Mar 19 — Halving the Entry Fee Breaks Screening Completely. Here's the Phase Transition. Governance Evaluation

We used agent-lens to run forked experiments across three governance regimes. Halving signing costs flips infiltration from 0% to 100% --- a sharp phase transition confirming Spence signaling theory. Screening is structurally perfect (zero variance across seeds) but economically fragile (welfare CV = 3.9).

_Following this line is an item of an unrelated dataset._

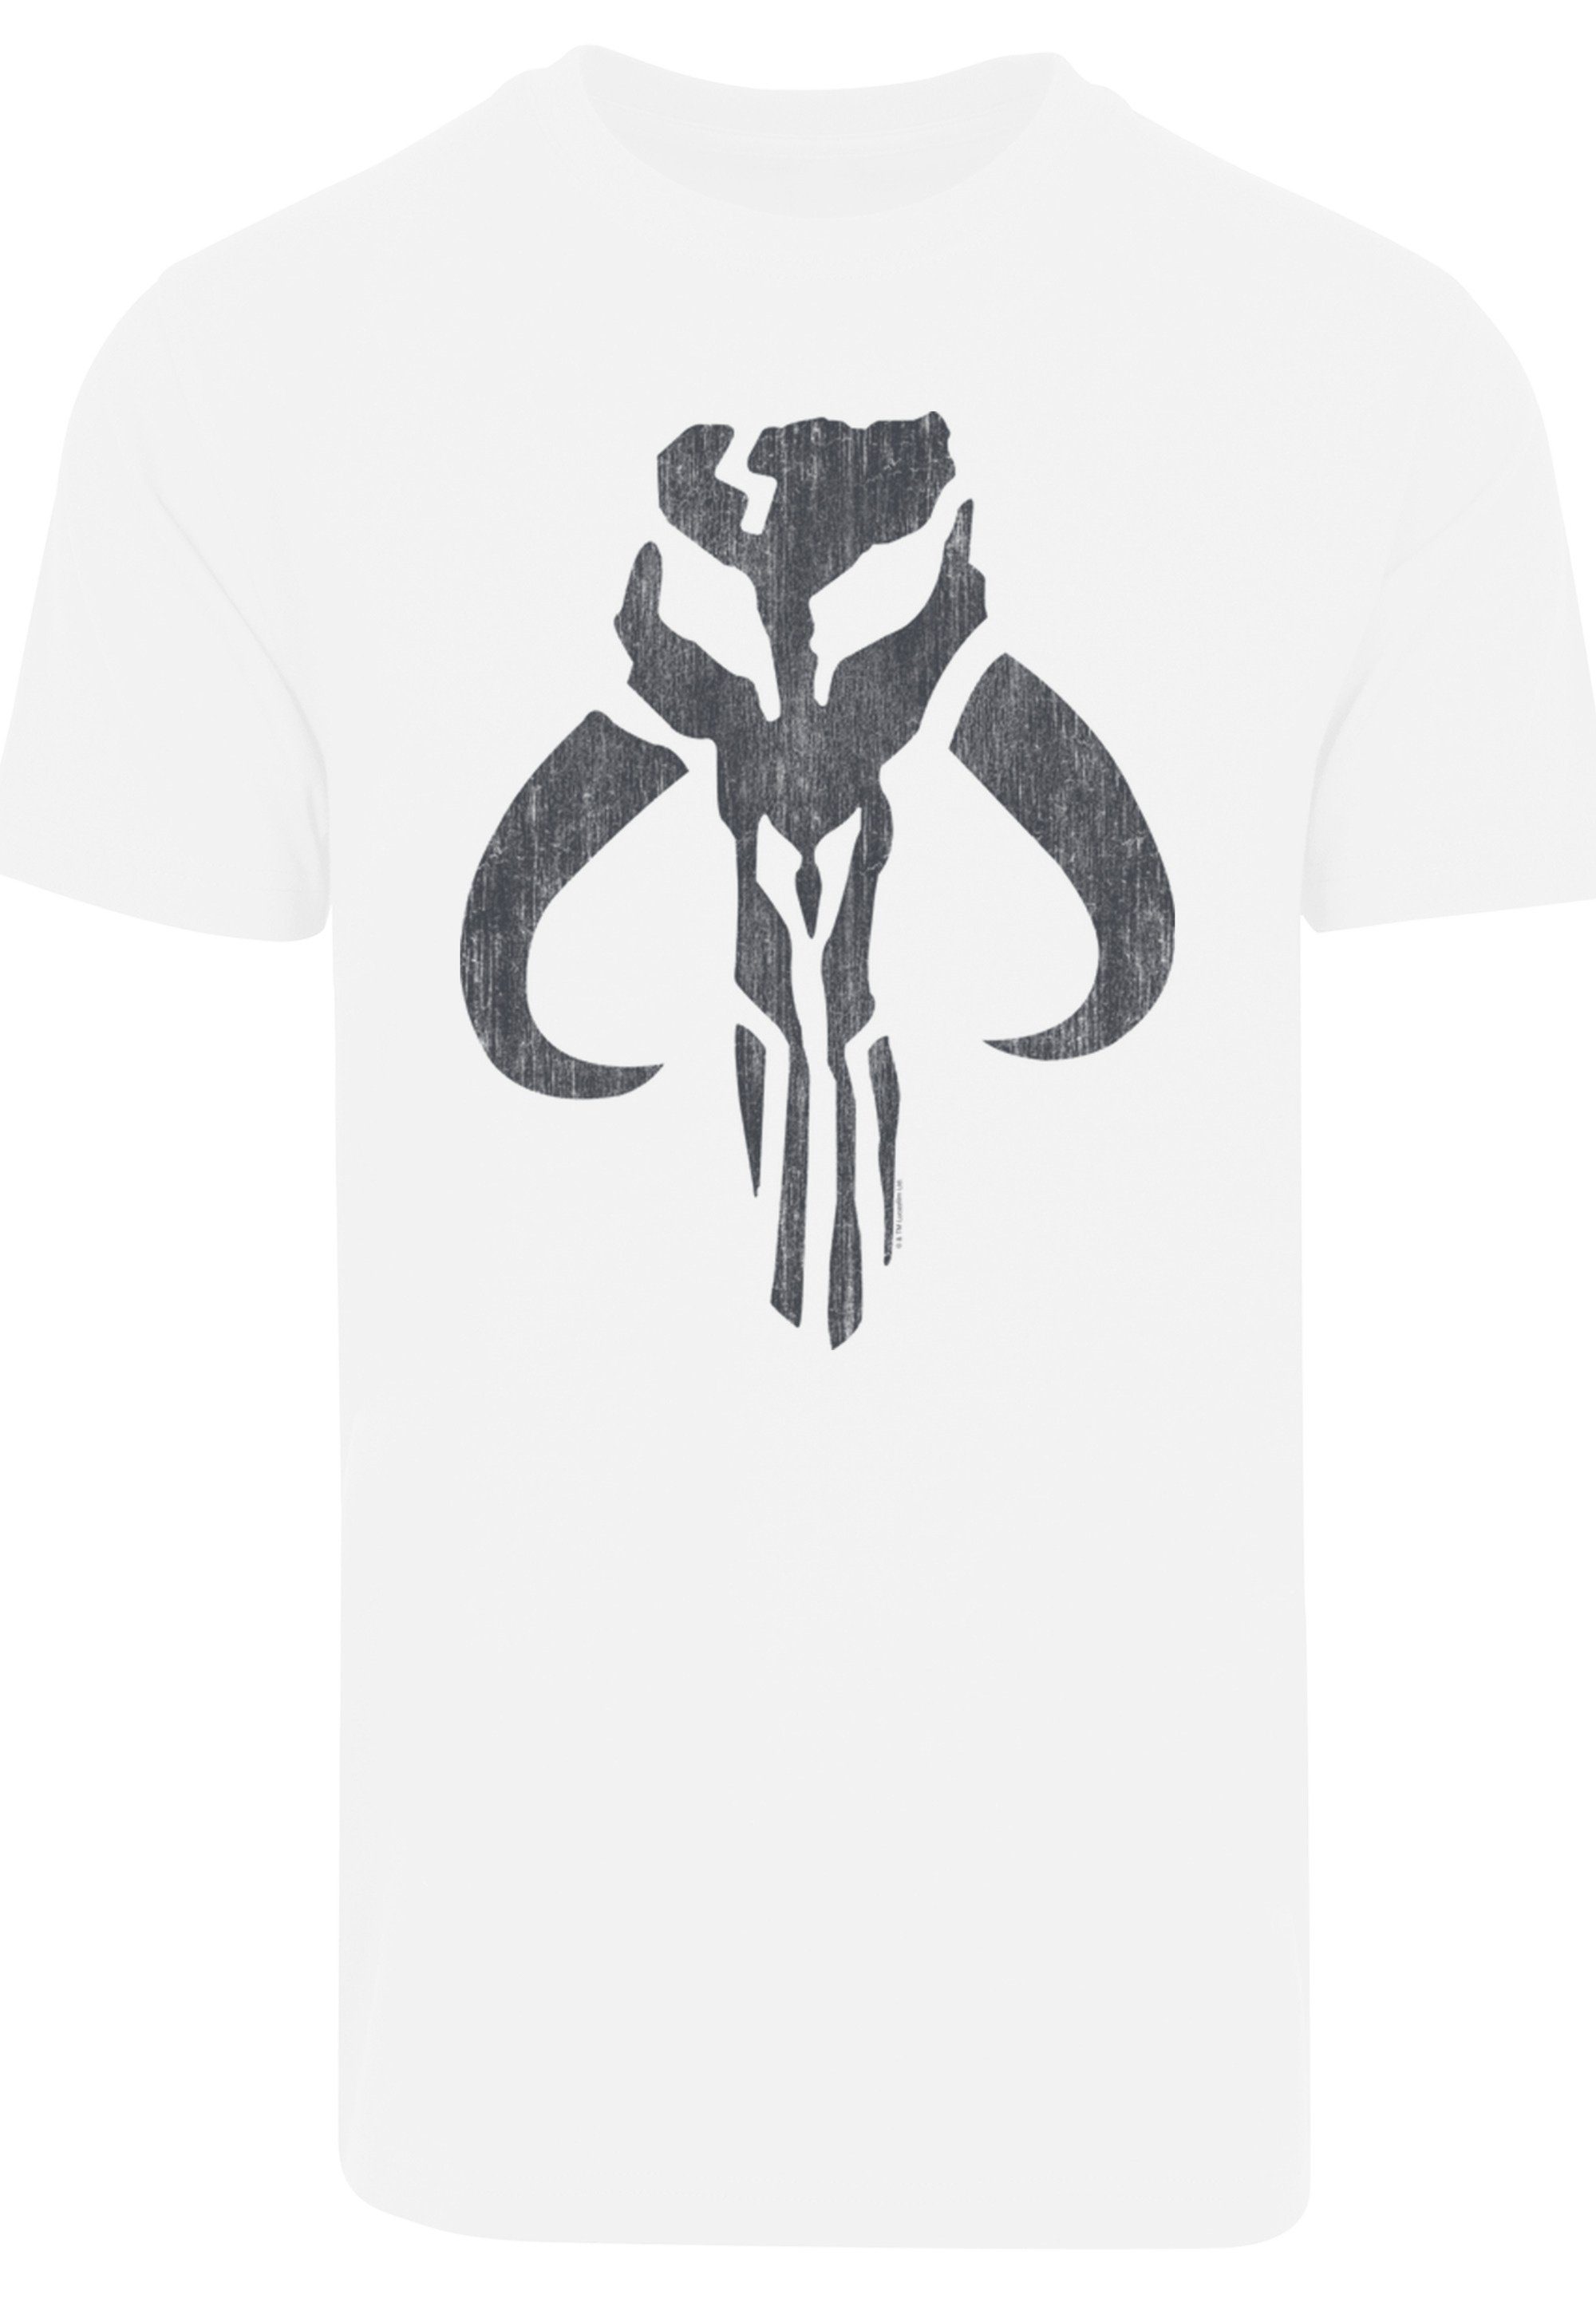 F4NT4STIC T-Shirt Star Wars Skull Print Banther weiß Mandalorian

Mar 16 — SimWorld's Delivery Agents Look Profitable. They're Also Adversely Selected. Governance Evaluation

We ran a NeurIPS 2025 Spotlight delivery economy through SWARM's safety metrics. Profit says everything is fine. Adverse selection says 17% of high-value orders go to low-reputation agents. Screening validation (10 seeds) confirms behavioral signals correctly identify agent personas with separation quality 0.750.

Mar 9 — Why Agent Infrastructure Could Be a $10B Category Theory Governance

A market thesis for agent infrastructure plus a concrete research stack for the category: workload benchmarks, orchestration patterns, eval/safety layers, controlled evolution loops, and reproducible reporting standards.

Mar 4 — The Shape of the Capability–Safety Frontier (and How Screening Bends It) Governance Theory

1,400 benchmark runs trace the Pareto frontier across four task types. Allocation barely suffers under governance; long-horizon tasks collapse (100% → 36% completion). Tight governance produces bimodal outcomes — either full success or total failure. A screening protocol that differentiates governance by agent trust pushes the frontier outward, improving 5th-percentile tail risk by up to 70 percentage points.

Mar 2 — Transparency Stabilizes Escalation — But Only When Safety Training Is Present Evaluation LLM Agents

120 runs across 4 intelligence asymmetry conditions and 3 persona pairings. When adversarial meets safety-trained under fog, 90% nuclear rate. Give either side good intel and it drops to 0%. Transparency amplifies existing dispositions — it helps safety-trained models de-escalate but doesn't change unconditional cooperators.

Mar 1 — Does Model Size Matter for Safety? Small Models Deceive, Large Models Escalate Evaluation LLM Agents

120 mirror-match runs across 6 models (8B to 405B) reveal an inverse relationship: small models are more deceptive (div=1.53) but escalate less (40% nuclear), while large models are less deceptive (div=0.39) but escalate more (100% nuclear). Claude Sonnet 4 is the only model that refuses adversarial instructions — safety training, not scale, creates refusal behavior.

Mar 1 — Deontological Framing Reduces LLM Deception by 95%, But Doesn't Prevent Escalation Evaluation LLM Agents

A 180-run prompt sensitivity sweep tests 6 framings to reduce signal-action divergence. Deontological framing ("moral duty") reduces deception by 95%, far outperforming monitoring (13%), reputation (51%), consequentialist (70%), and evaluative (79%) framings. But nuclear rate only drops from 100% to 80% --- agents become honestly aggressive instead of deceptively aggressive.

February 2026¶

Feb 28 — Three Turns of Forced Cooperation Eliminate Escalation Spirals Governance LLM Agents

A 210-run cooperation window sweep reveals a universal phase transition: 3 turns of unconditional cooperation is the critical threshold that eliminates nuclear escalation, deception, and welfare collapse across all scenarios. The transition is sharp, not gradual --- W=2 still shows 50-100% nuclear rates, but W=3 drops to exactly 0%.

Feb 28 — Deception Is a Structural Property of LLMs, Not a Sampling Artifact Evaluation LLM Agents

A 120-run temperature sweep (T=0.0 to T=1.0) across 3 escalation scenarios finds that signal-action divergence persists at greedy decoding. Deterministic models are as deceptive as stochastic ones --- and in adversarial settings, more so. Temperature affects deception competence, not deception intent.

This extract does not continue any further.